The total cross section weight is given by:

```
weight = me_wgt f_a(x_a)F_b(x_b)
```

#### 6.8.4.2. Loop piece and integrated subtraction terms¶

The weights here have an explicit dependence on the renormalization and factorization scales.

To take care of the renormalization scale dependence (other than via
`alpha_S`

) the weight `w_0`

is defined as

```
w_0 = me_wgt + usr_wgts[0] log((\mu_R^new)^2/(\mu_R^old)^2) +
usr_wgts[1] 1/2 [log((\mu_R^new)^2/(\mu_R^old)^2)]^2
```

To address the factorization scale dependence the weights `w_1,...,w_8`

are given by

```
w_i = usr_wgts[i+1] + usr_wgts[i+9] log((\mu_F^new)^2/(\mu_F^old)^2)
```

The full cross section weight can be calculated as

```
weight = w_0 f_a(x_a)F_b(x_b)
+ (f_a^1 w_1 + f_a^2 w_2 + f_a^3 w_3 + f_a^4 w_4) F_b(x_b)
+ (F_b^1 w_5 + F_b^2 w_6 + F_b^3 w_7 + F_b^4 w_8) f_a(x_a)
```

where

```
f_a^1 = f_a(x_a) (a=quark), \sum_q f_q(x_a) (a=gluon),
f_a^2 = f_a(x_a/x'_a)/x'_a (a=quark), \sum_q f_q(x_a/x'_a)x'_a (a=gluon),
f_a^3 = f_g(x_a),
f_a^4 = f_g(x_a/x'_a)/x'_a
```

The scale dependence coefficients `usr_wgts[0]`

and `usr_wgts[1]`

are normally obtained from the finite part of the virtual correction
by removing renormalization terms and universal terms from dipole
subtraction.
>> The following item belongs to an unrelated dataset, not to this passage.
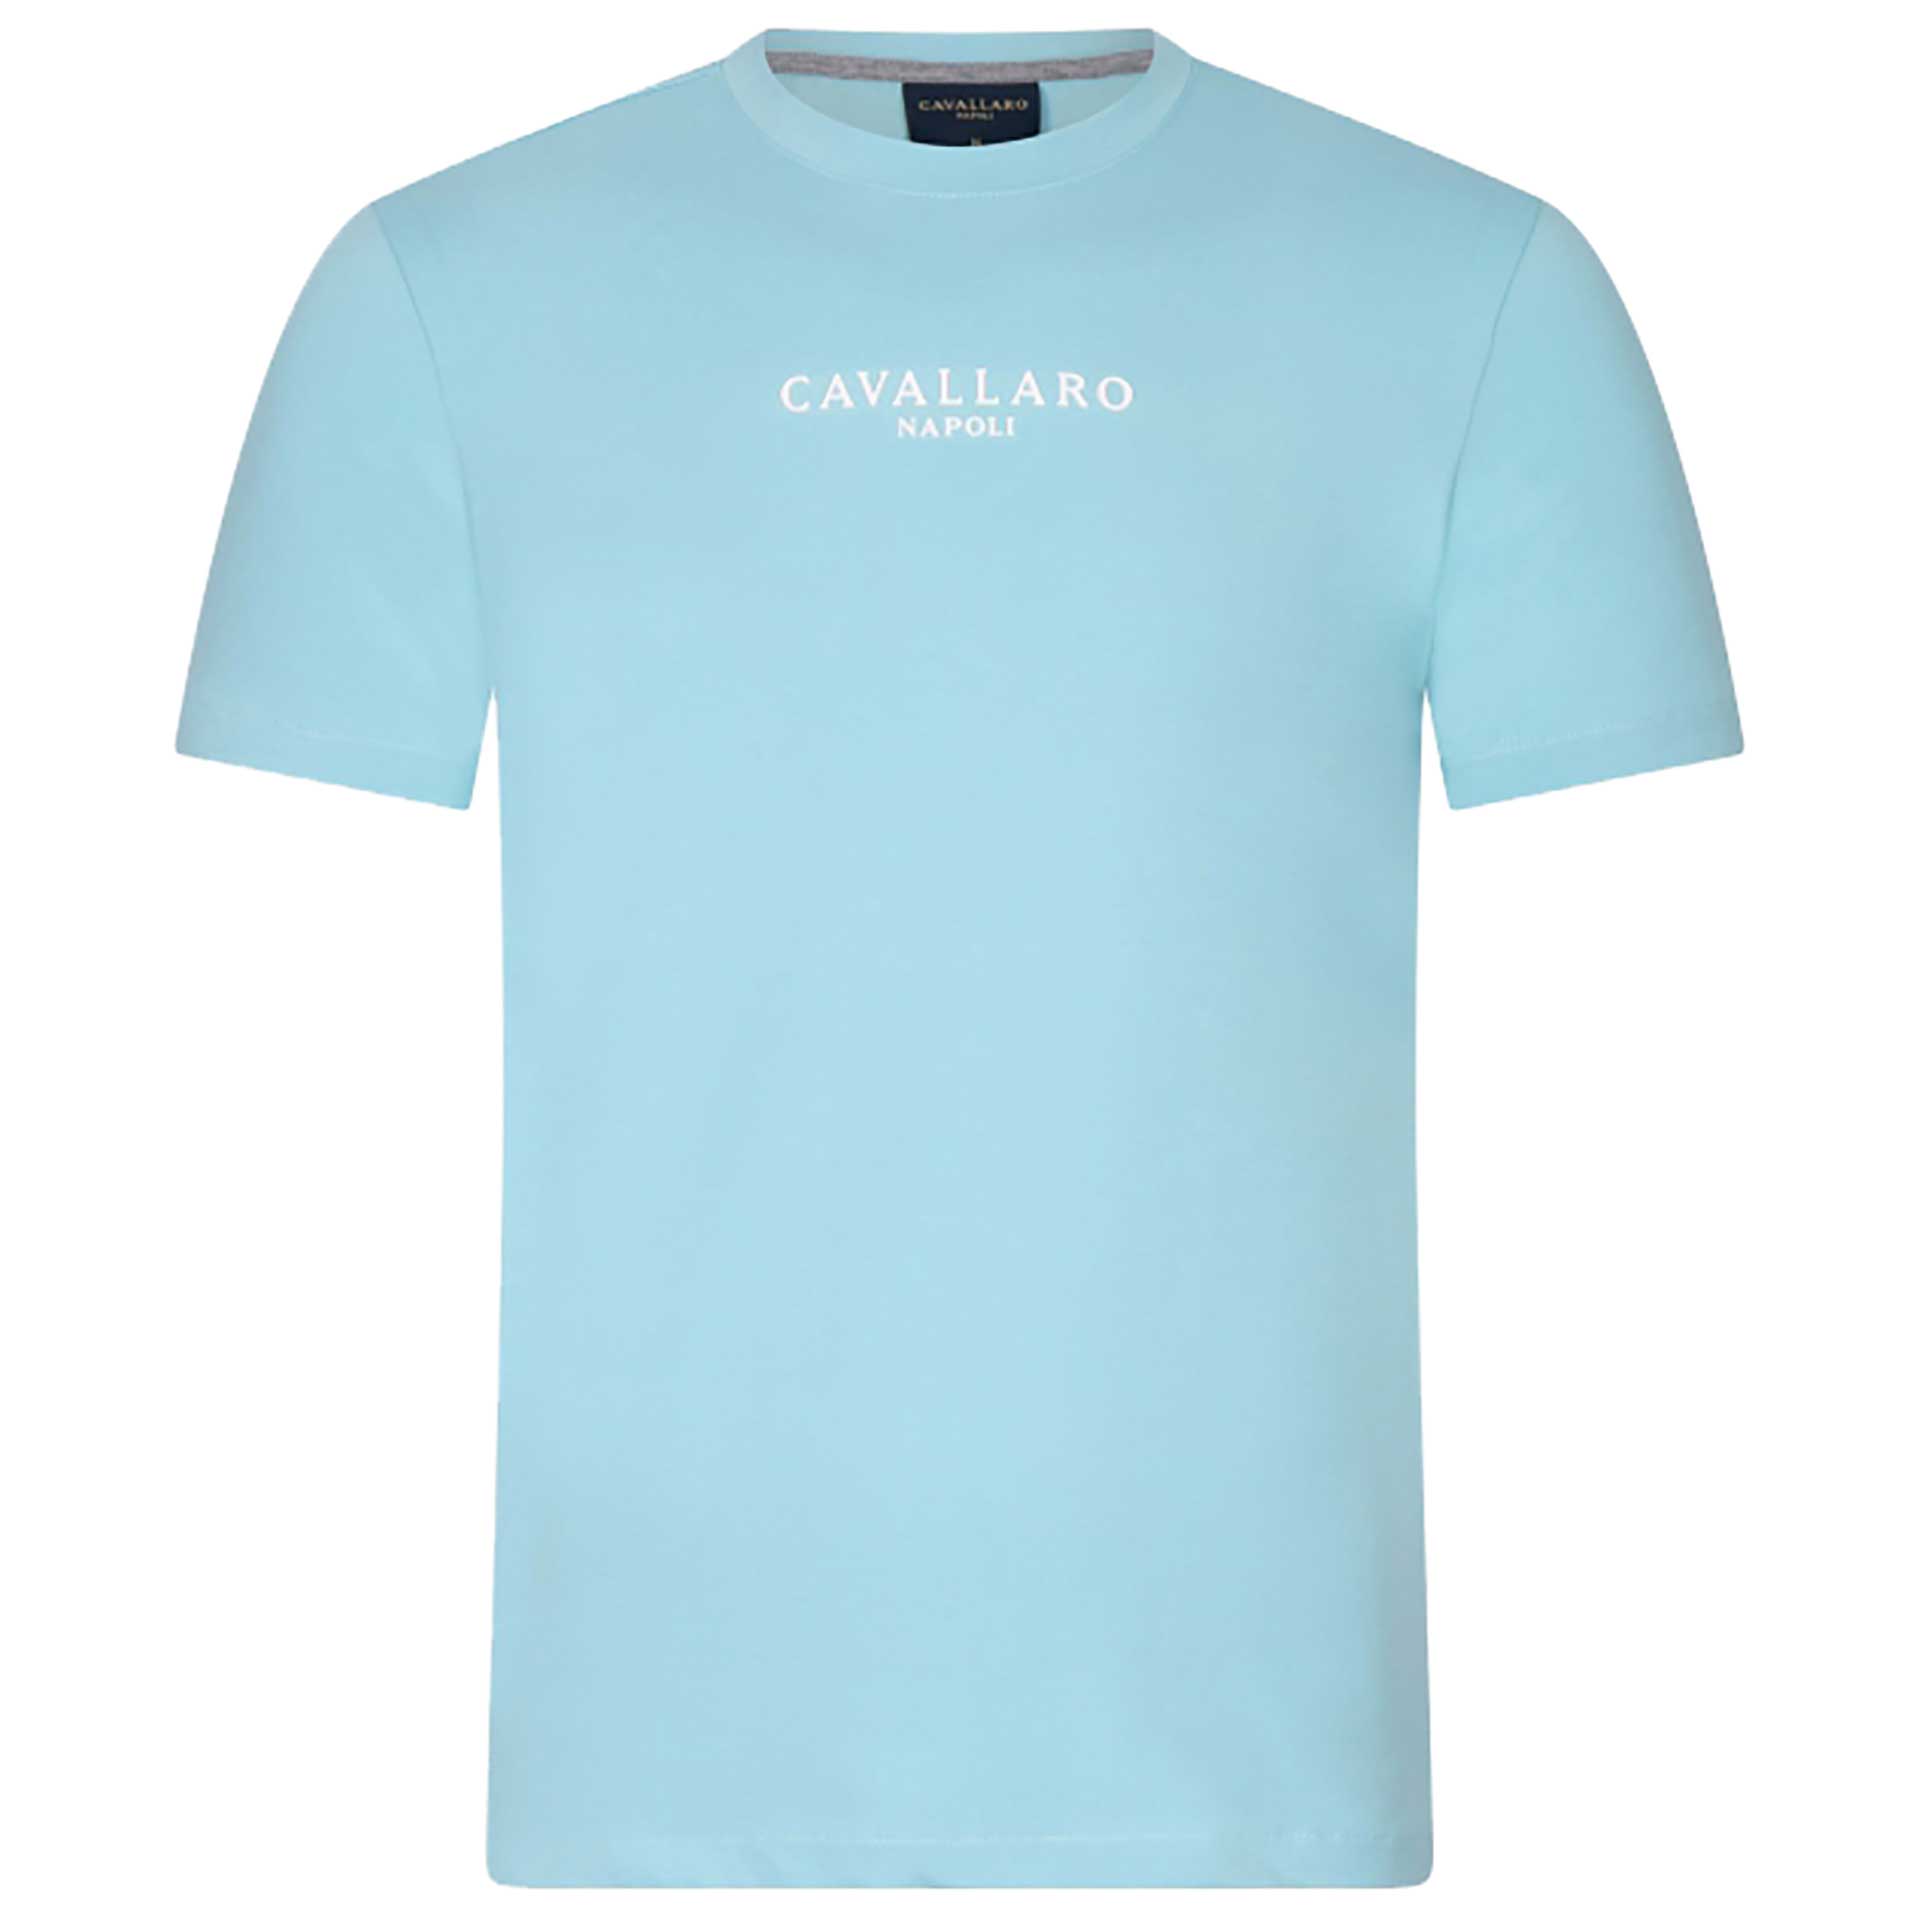 Cavallaro Napoli T-Shirt Mandrio 1

This may be undesirable, especially when the loop
provider splits up the calculation of the virtual correction into
several pieces, like leading and sub-leading color. In this case the
loop provider should control the scale dependence coefficients, which
can be enforced with option `USR_WGT_MODE: false`

.

Warning

The loop provider must support this option or the scale dependence coefficients will be invalid!